I woke up naked in my living room and my mom was next to me like we need to talk
I smelled like jager and penis. The only cure was a pack of camels and plan b.
after you took your Demerol you started flying around and talking like the robot ship on the movie Stealth. then you licked my iPhone and declared the mission a success.
my family just sang happy birthday to baby jesus. no ones even drunk yet
Restaurants Roasting People Who Gave Them Negative Yelp Reviews (25 Pics)
WHY AREWNT YOU HERE SO MUCH FUN STUFF DO IT GET IN CAR NOW caps lock
Yeah, she tried to drown her but then they hooked up.
i'm pregaming while finishing a paper on cardio myocyte contractility in mice. i'm kicking finals week's ass right now
This year I'm going to try NOT getting arrested.
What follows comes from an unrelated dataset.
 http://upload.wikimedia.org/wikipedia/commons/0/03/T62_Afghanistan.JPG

I think the 30th birthday is the cutoff for calling Mom to bail me out.
why are our drunk alter egos so much more successful than us?
Woman Posts Harassing DMs From Creep Online, Now He’s Upset Because People Told His Mom
What kind of a birthday party isn't a get drunk and ruin everything party
So take that alcohol. I still win. I ALWAYS WIN. Plus i didn't have to wear clothes. DOUBLE WIN.
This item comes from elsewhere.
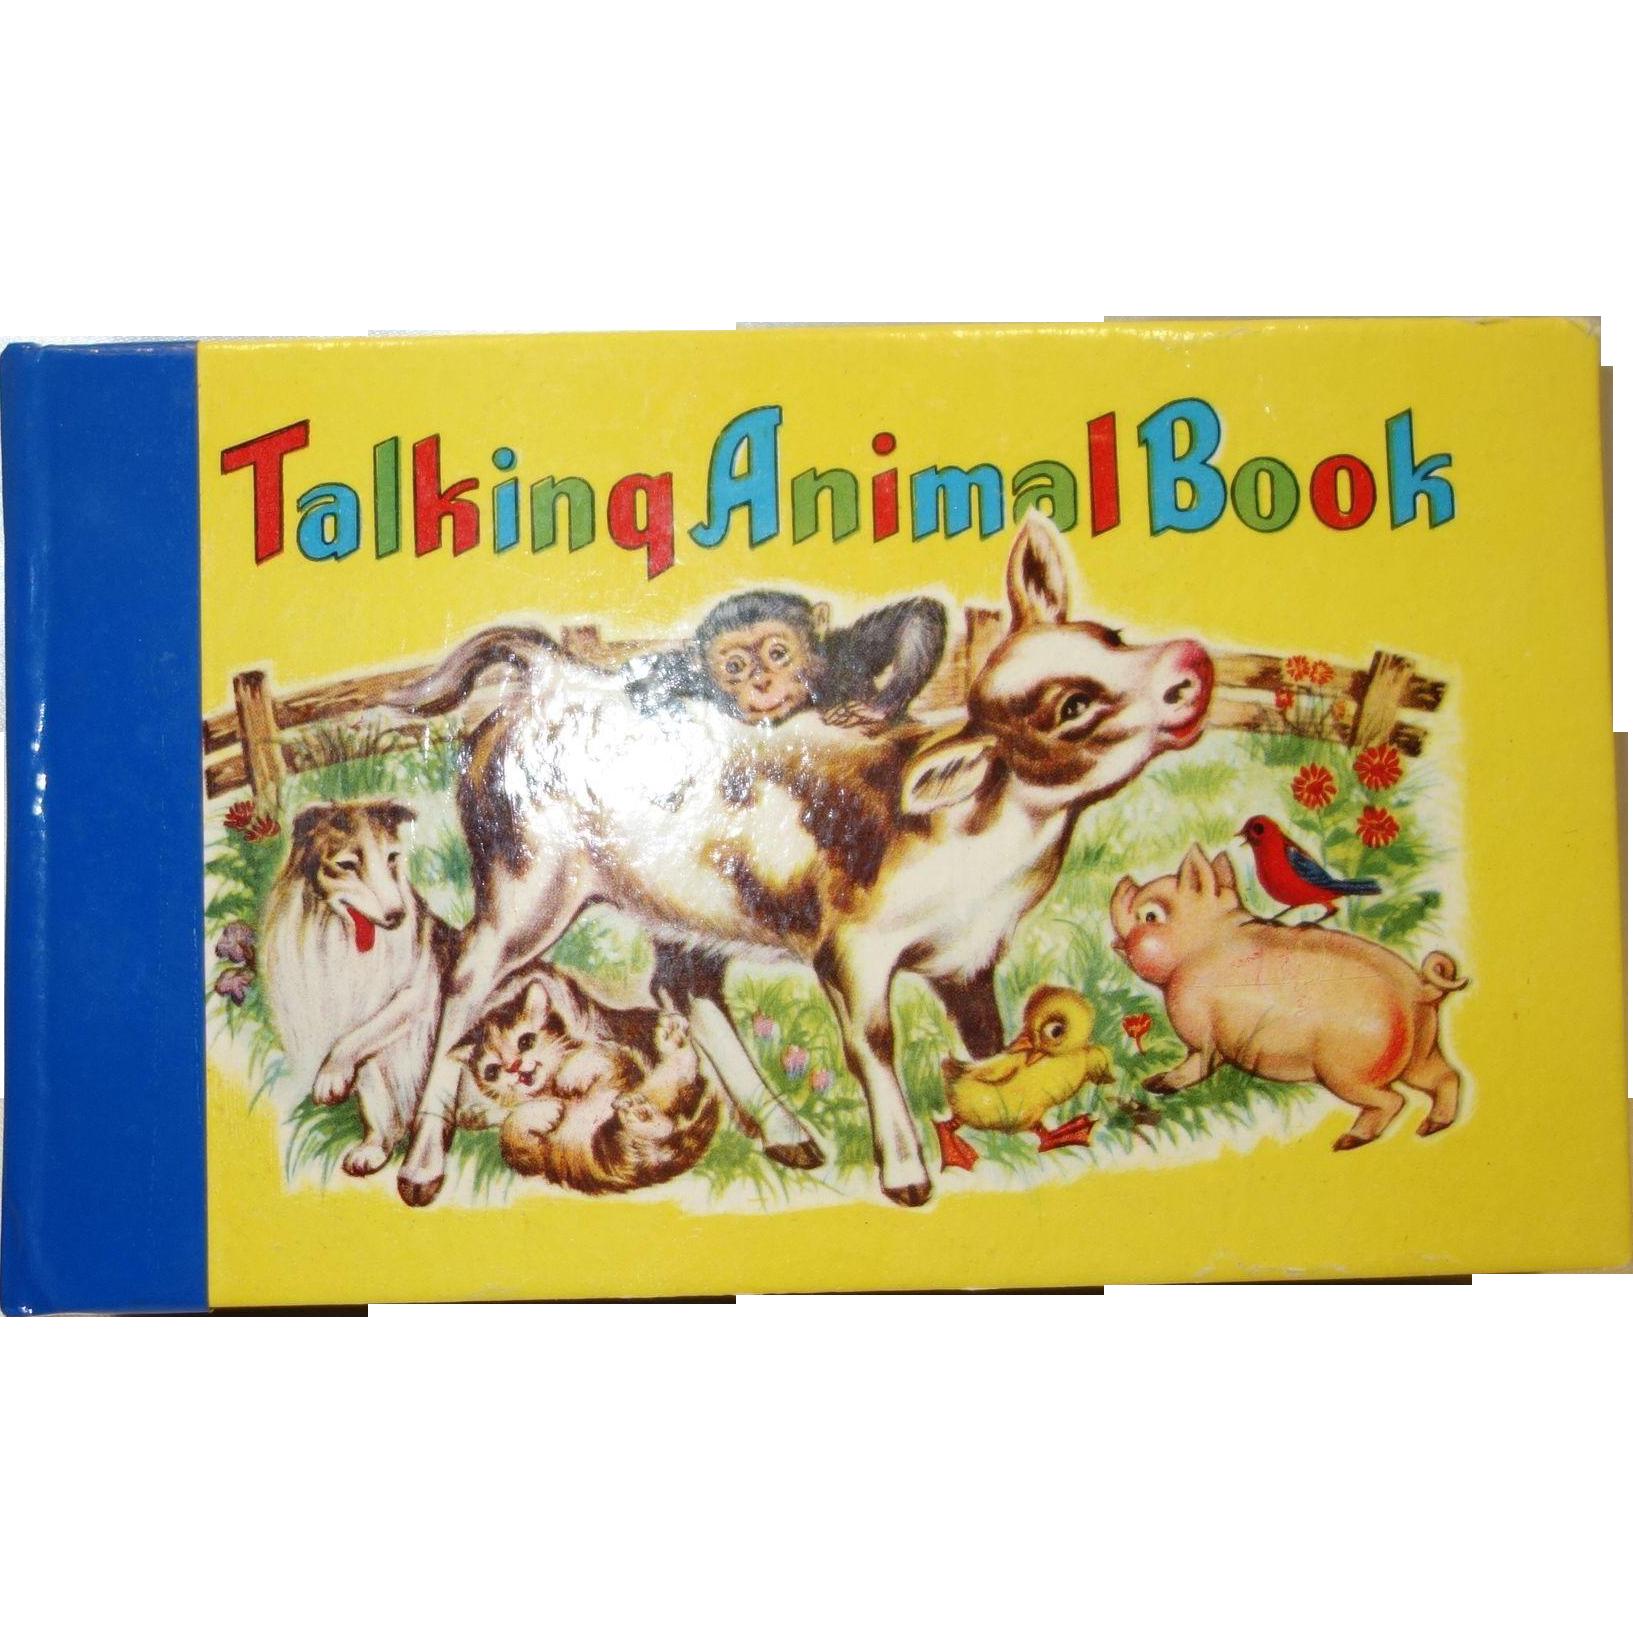 Vintage 1950's Talking Animal Squeaky Book

Vegas is great, yelled at a guy 4 lanes over if he wanted a bj. ended up having sex in a vacant lot. I think he was homeless.
I DONT HAVE A FUCKING JOB RIGHT NOW. DO YOU THINK I HAVE TIME TO WASTE GOING BACK AND FORTH WITH SOMEONE WHOS LYING, ABOUT LYING, AND JUST BEING A LIAR? HONESTLY, YES I DO HAVE TIME. BUT I HAVE A FUCKING LOT BETTER THINGS I COULD BE WASTING MY TIME DOING. LIKE ORGANIZING MY POKEMON CARD COLLECTION.
Like people might wonder why I put up with your puns. You give good head and play with my hair
You know the force is loosing strength when Darth Vader can't handle his liquor on halloween.